На нары тяжело вспрыгивает командир отделения Зыбин-Серый, замирает на коленях, как бы приняв стойку «смирно», коротко командует:

– Прекратить болтовню!

3

Я сижу в канцелярии командира роты перед столом, на котором нет ничего, кроме стеклянной глыбы чернильницы с пересохшими чернилами. По другую сторону, под большим, почти во всю стену, портретом, – замполит капитан Мерзляков, младший лейтенант Голосков, старшина Беленький и старший сержант Бабкин. Все они серьезны, какое-то время молчат; я тоже молчу, вживаюсь в скверное положение подсудного лица.

– Начнем, – сказал всем замполит и отдельно мне (не глянув на меня): – Говорите.

Я не ожидал, что придется говорить первому мне, никак не подготовился. И вообще я не собирался говорить: виноват – накажите. Все равно ничего не смогу доказать.

– Как считаете, правильно поступили?

И на это мне нелегко ответить. Ну, если бы я мог постепенно, не сбиваясь, один на один с кем-нибудь, скажем, с Бабкиным или Голосковым… Чтобы потом спокойно рассудить. Дело-то, в общем, пустяковое, но…

Дневалил я прошлую ночь по роте, сидел, как обычно, возле двери за тумбочкой с телефоном, писал длинное письмо Асе Шатуновской (про то, какой хорошей будет жизнь лет через пять – ни карточной системы, ни обид, огорчений, и человеческая личность достигнет полного расцвета, почти как при коммунизме), помню, написал слова: «Конечно, для этого мы должны изо всех сил трудиться, работать, учиться, служить…» – и уперся лбом в кулак. Не знаю, сколько прошло минут, не больше пяти, наверное. Вдруг сильный удар в плечо подкинул меня, я вытянулся, ухватившись рукой за штык в чехле, осмотрелся. У ног моих лежал новый валенок, а старшина Беленький, поворочавшись на скрипучей железной кровати, спокойно повернулся на другой бок. Вот тут-то и наступило то самое «но». Мне надо было отнести старшине валенок, поставить его рядом с другим, потихоньку вернуться к тумбочке и продолжать службу. (Беленький всегда так будил дневальных и наутро не вспоминал об этом.) Со мной же что-то произошло, на мгновение я даже потерял ясное сознание – может быть, он как-то обидно отвернулся, – я схватил валенок и швырнул Беленькому в кровать. Старшина неторопливо поднялся, надел валенки, подошел ко мне и указал на нары, что означало: «Снимаю с дневальства!» Я разбудил сменщика, сам лег спать. Вот и все. Так бы я, пожалуй, рассказал. Но нельзя – это будет вранье, потому что Беленький доложил: «Спал на дежурстве, а когда его разбудил, начал грубить». К тому же рассказать о валенке – значит подвести всех. Старшина как-нибудь оправдается, перестанет швыряться и начнет давать наряды, снимать с дежурства.
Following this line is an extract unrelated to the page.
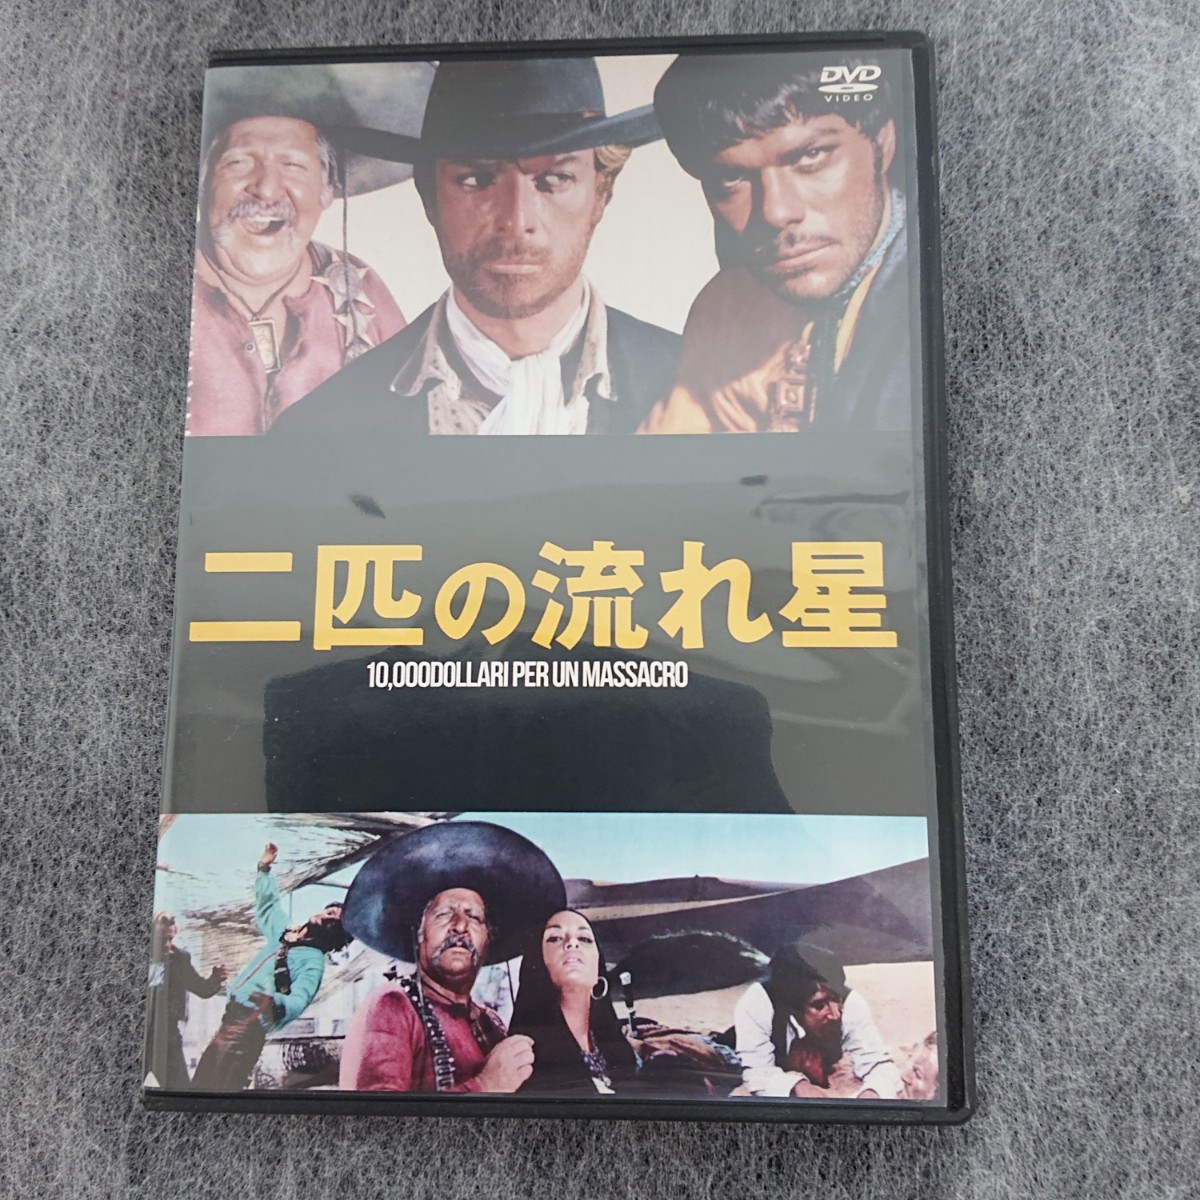 二匹の流れ星 DVD イタリア語 日本語字幕

– Будем говорить? – спросил устало капитан Мерзляков.

Я глянул на него. Лицо желтое, щеки ввалились, четко выписываются кости скул, череп тонко обтянут кожей и тоже четко проступил. Замполит очень больной человек, мы редко видим его в роте, лежит дома или в госпитале. Он фронтовик, весь изранен и, говорят, самое опасное – у него вырезана часть желудка. Мне стыдно утомлять капитана, однако я боюсь и рассердить его каким-нибудь случайным словом-отговоркой. Смотрю на Голоскова, Бабкина. Им скучно от этой тягомотины, они молча, исподтишка вздыхая, как бы говорят мне: «Кончай – не девица же красная!» А Беленький красен, сердит, на лбу капельки пота – его явно бесит мое тупое молчание: что еще ляпну – неизвестно! Наконец не выдерживает:

– Так что, считаете себя виноватым?

Я понимаю – это подсказка, это вовсе не о том, что я задремал на дневальстве, просто немного сдал старшина (тоже не железный!), и мне надо быстро согласиться, хоть и неизвестно, как потом обернется для меня неожиданная слабость старшины.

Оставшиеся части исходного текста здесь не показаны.